On 17-dec-04, at 19:43, Paul Vixie wrote:
i don't think iljitsch is in a position to teach an "anycast 101" class.
If anyone feels they can do better, please step up...
here's my evidence:
note-- harald asked us to move this thread off of ietf@, so i've done that. iljitsch added ietf@ back to the headers in his reply to me. i'm taking it back off again. iljitsch, please leave it off, respecting harald's wishes.
Hey! I missed this one. I'm on dnsop but it's pretty low on my to-read list. Unfortunately, your evidence contains its share of errors so I'm not sure if you should be teaching the class either.

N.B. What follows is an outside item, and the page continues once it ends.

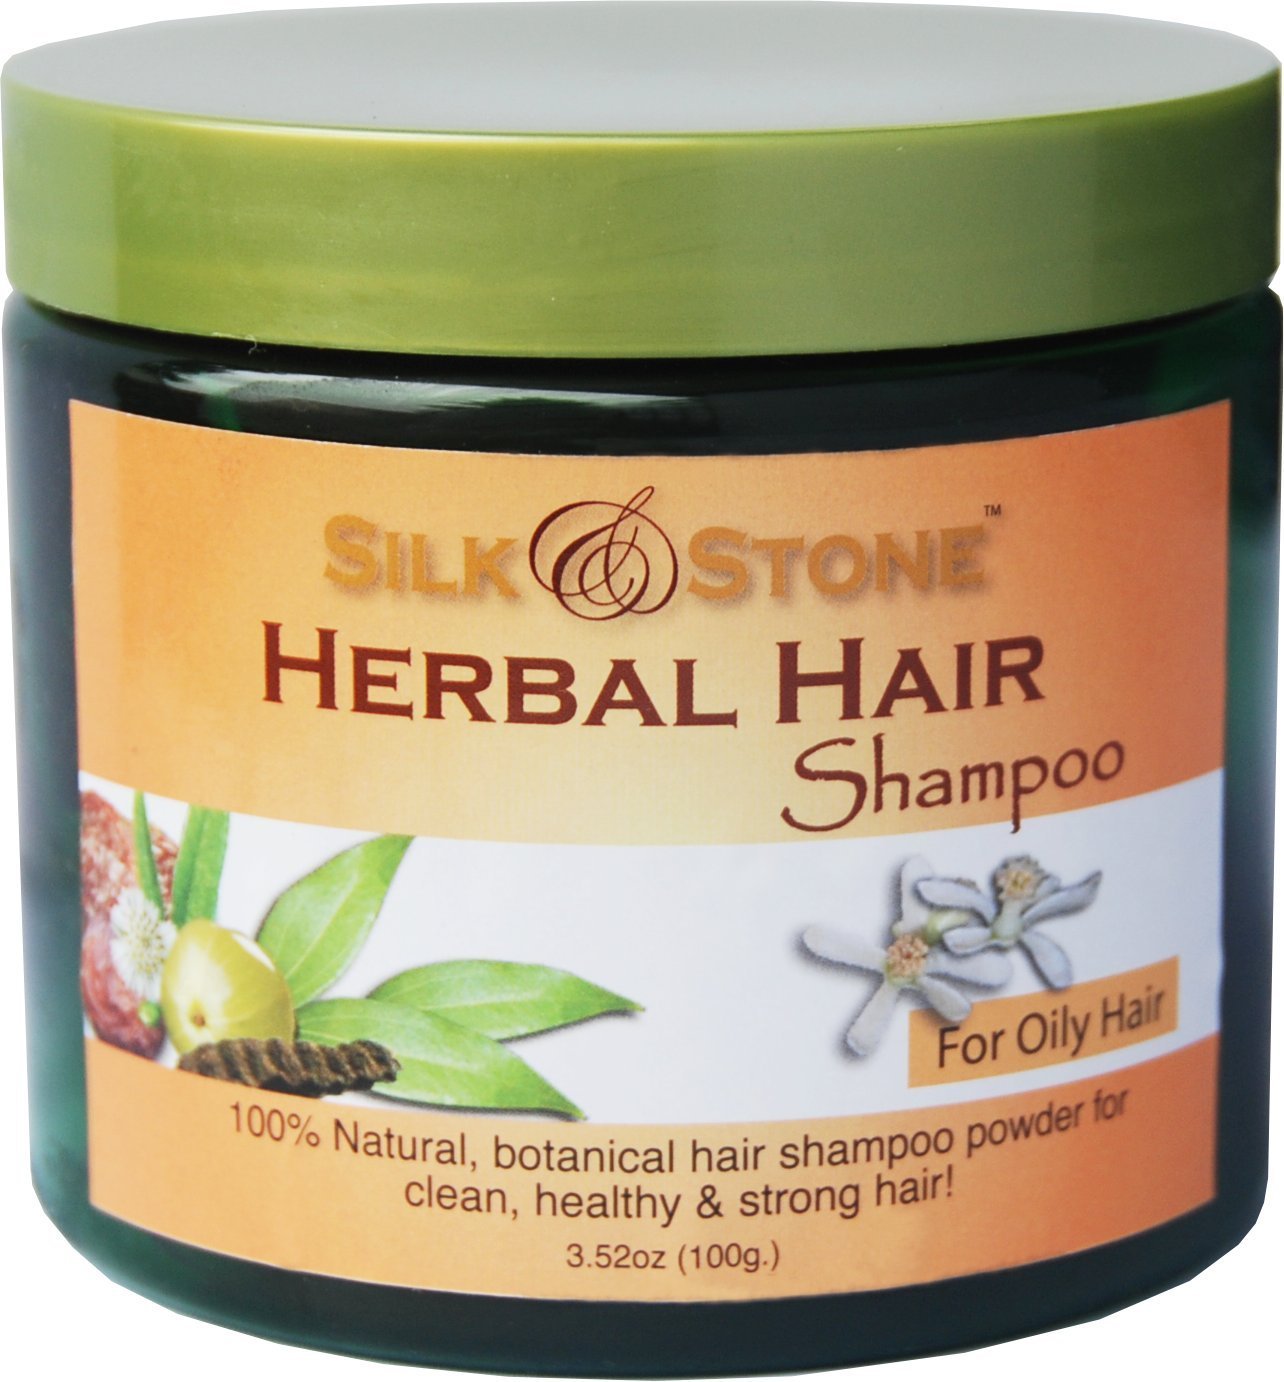 Silk & Stone Herbal Hair Shampoo Powder- Oily Hair

... It's possible for bad things to happen if:
1. some DNS server is anycast (TLD servers are worse than roots because the root zone is so small) 2. fragmented UDP packets or TCP are used as a transport 3. a network is built such that packets entering it through router X may prefer a different external link towards a certain destination than packet entering it through router Y 4. a customer of this network is connected to two different routers 5. the customer enables per packet load balancing
#1 and #2 are normal, even though fragmented udp isn't very common nowadays. #3 is extremely common. #4 is normal for high-end customers. and #5 will only affect customers whose ISP shares an IGP with the anycast -- in other words, "other customers of the same ISP".

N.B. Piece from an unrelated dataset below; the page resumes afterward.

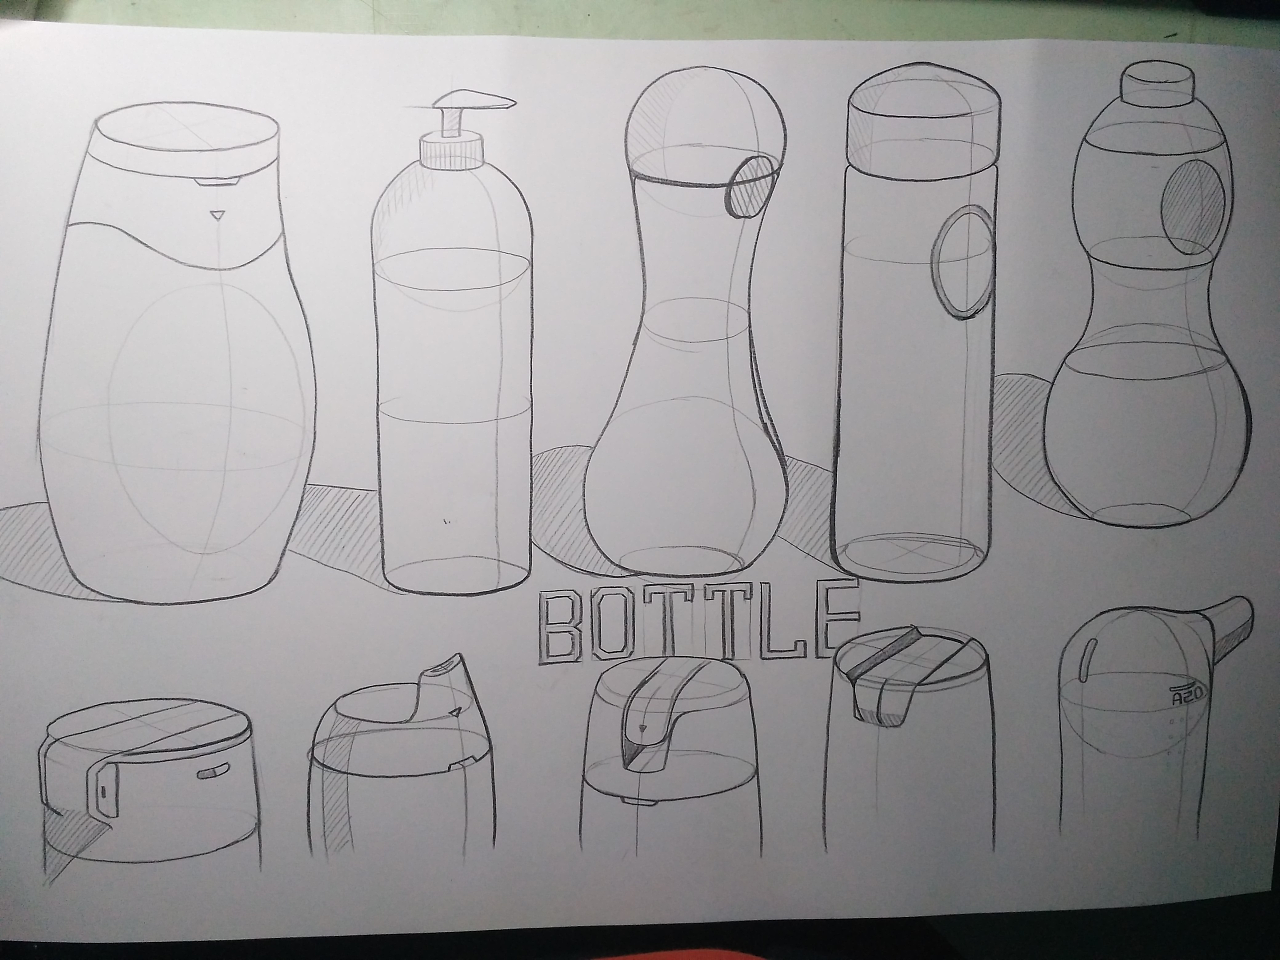 生态瓶怎么画简单图片

Nope. Consider: +-------+ +-------+ |ISPrtr1+---+ACinstA| +------+---+---+---+ +-------+ |source| | +------+---+---+---+ +-------+ |ISPrtr2+---+ACinstB| +-------+ +-------+ Where the anycast instances exchange routing information using BGP. If there is no special BGP configuration in effect, the ISPrtr1 will prefer the path to anycast instance A and 2 to B, because the external path takes precedence over a same length path that's learned over iBGP. The current Cisco multipath BGP rules require the whole AS path to be the same (which would be the case in this diagram if both anycast instances use the same AS number), but older IOSes only require the next hop AS and the path length to be the same.

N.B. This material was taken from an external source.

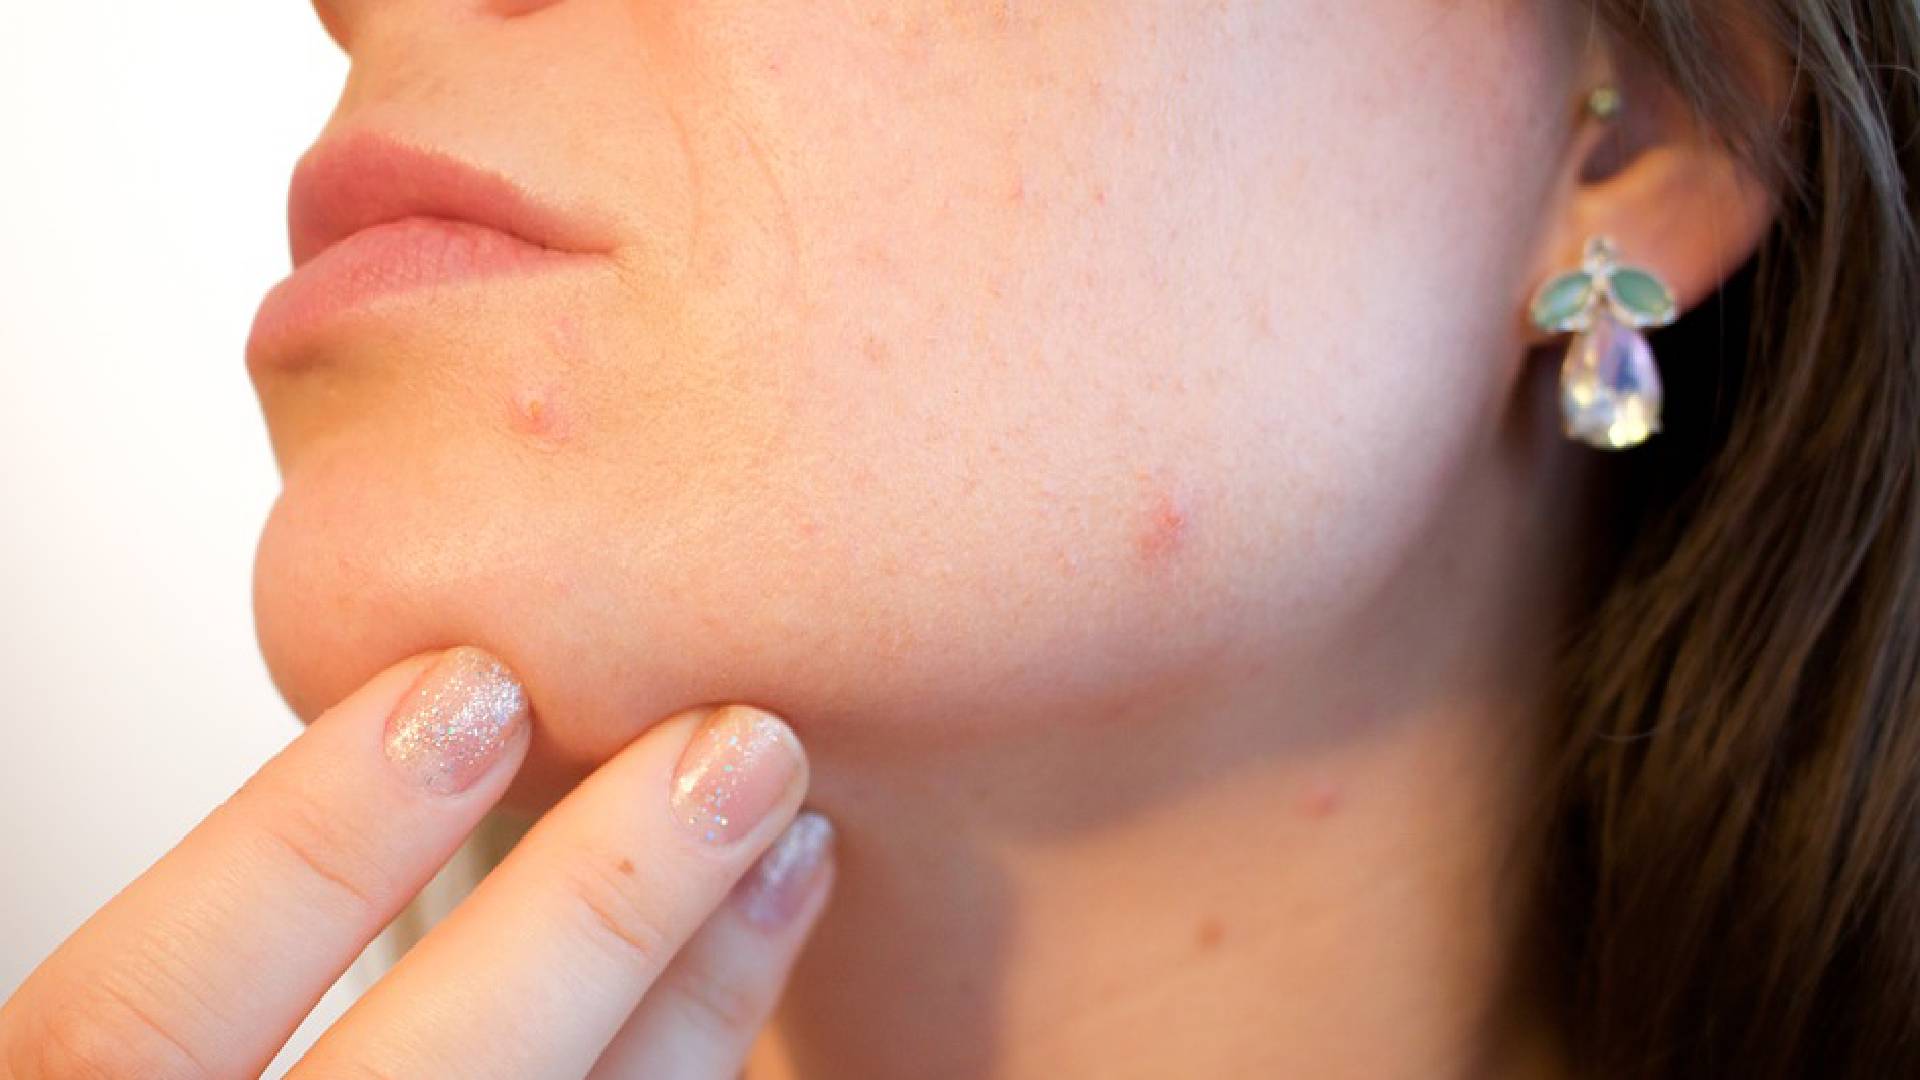 Skin Care Tips: चेहरे के दाग-धब्बों से हैं परेशान, तो इन घरेलू उपायों से रातों-रात हटाएं फेस के निशान

Now the question is: how do we deal with this? I don't think removing anycast wholesale makes sense and/or is feasible. Same thing for declaring per packet load balancing an evil practice.
as i said the other day, "all power tools can kill." if you turn on PPLB and it hurts, then turn it off until you can read the manual or take a class or talk to an expert. PPLB is a link bundling technology. if you turn it on in non-parallel-path situation, it will hurt you, so, "don't do that."
Yes, per packet load balancing will cause reordering, and if that's an issue you shouldn't use it. But if with pplb packets end up at two different hosts, that's not the fault of the people who invented per packet load balancing or the people who turned it on, but the fault of the people giving the same address to two different hosts.
A better solution would be to give network operators something that enables them to make sure load balancing doesn't happen for anycasted destinations. A good way to do this would be having an "anycast" or "don't load balance" community in BGP, or publication of a list of ASes and/or prefixes that shouldn't be load balanced because the destinations are anycast.
since PPLB won't affect BGP (since BGP is not multipath by default), this is not an issue.
If the uncommon network setup exists, and pplb is turned on, the problem can manifest itself. The fact that someone had to turn on a feature that's turned off by default is immaterial. (There is no BGP by default to begin with.)
and they would know that PPLB is basically a link bundling technology used when all members of the PPLB group start and end in the same router-pair;
It doesn't make much sense to have multiple links terminate on the same router on both ends as then both these routers become single points of failure.
i don't even know what conversation we're in any more. why does it matter whether they are single points of failure, if this is the configuration for which PPLB was intended?
There is no requirement that all packets between two hosts follow the same path. So people who pplb have the IP architecture at their side, unlike those who implement anycast. So a little less blaming the victim would be in order. (Well, if there are any victims, because all of this happening is pretty unlikely.)
as i said the other day, "all power tools can kill." if you turn on PPLB and it hurts, then turn it off until you can read the manual or take a class or talk to an expert. PPLB is a link bundling technology. if you turn it on in non-parallel-path situation, it will hurt you, so, "don't do that."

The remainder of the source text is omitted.